The veteran midwife, whose cousin was one of those taken hostage in Israel and killed by Hamas on October 7, 2023, said she went to counselling the day after the Bondi attack to deal with her grief and anger at the government.

Flowers left near the site of the Bondi Beach terrorist attack

Flowers left near the site of the Bondi Beach terrorist attack

“I felt really angry at the time because I felt very betrayed by our government, that they failed the Jewish people but also Australians, by not addressing the risk of fundamental Islamism here,” the woman told the Royal Commission on Antisemitism and Social Cohesion on Thursday.

“I felt that wasn’t healthy, and it wasn’t going to help me provide health care services.”

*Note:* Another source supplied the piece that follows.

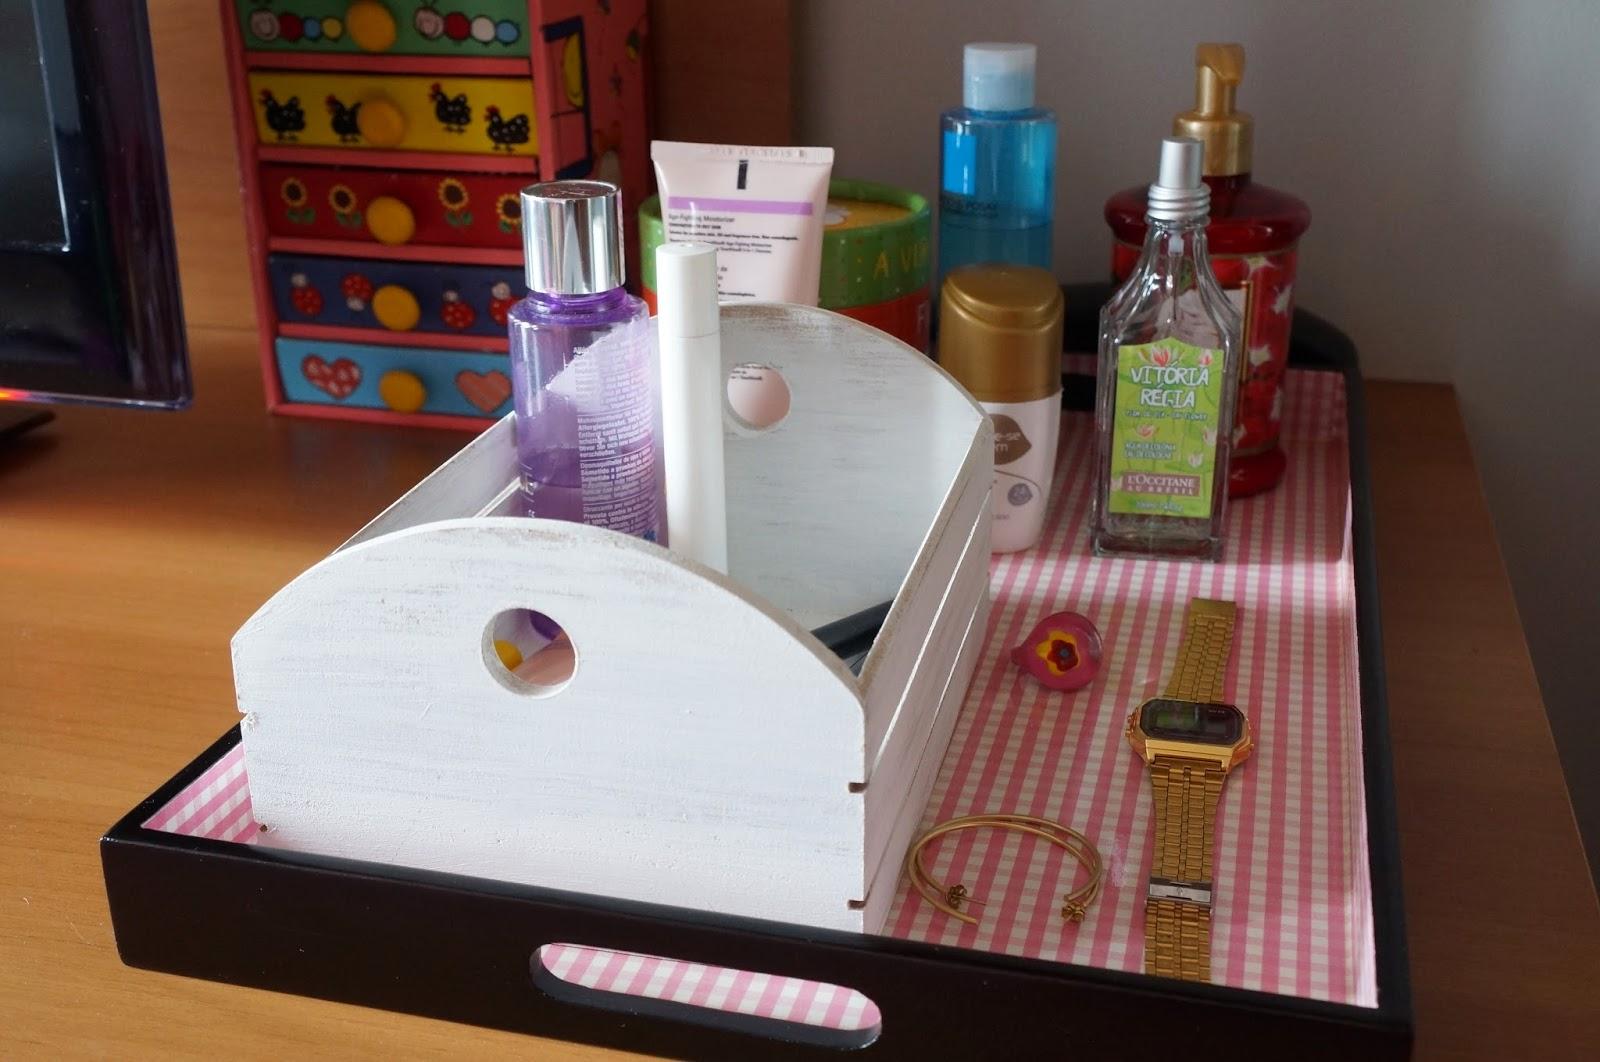 Utilizei a cesta de madeira para armazenar produtos com embalagens pequenas e pincéis de maquiagem

During the session, she said the counsellor urged her to understand why the men might have committed the massacre and told her to imagine herself sitting across from a Gazan mother.

“The counsellor spoke to me and said, ‘well, can you perhaps put yourself in the position of those men and try and understand why they might have acted that way?'” the woman said.

“I thought I’ve actually misheard her. She cannot have said that to me.”

The commission is holding two weeks of public hearings into the lived experiences of Australia’s Jewish community.

A failure of journalism

Former newspaper editor Michael Gawenda told the inquiry on Thursday there had been relative silence on antisemitism in Australia, which he described as a “failure of journalism”.

Mr Gawenda, who was editor of The Age from 1997 to 2004, came to Australia aged two after his parents fled the Holocaust.

He accused some journalists of becoming activists for a cause he believes perpetuates harmful narratives about Jews, Israel and Zionism.

He identified some journalists signing letters and petitions calling for Jewish voices, “pro-Zionist voices”, not to be featured in the media, but instead to feature Palestinian and pro-Palestinian voices.

“I thought this was unethical. This is not the way we do journalism,” he said.

“We go out with open minds. We allow people to have their say, and we don’t decide who has a right to speak and who has not a right to speak.”

Mr Gawenda said the Australian media had failed to report on the lived experiences of the Jewish community and instead had given voice to claims that antisemitism was a concocted notion designed to silence criticism of Israel.

“There’s been an enormous failure of journalism in Australia,” he said.

“Where is the coverage in the media of what these actual communities are experiencing?”

Former High Court judge Virginia Bell, who is heading the commission, asked Mr Gawenda to give his definition of Zionism.

“I am deeply connected to Israel. I have family there. I love the country in many ways, for all its flaws,” he said.

“So if that’s a Zionist, then I’m a Zionist.”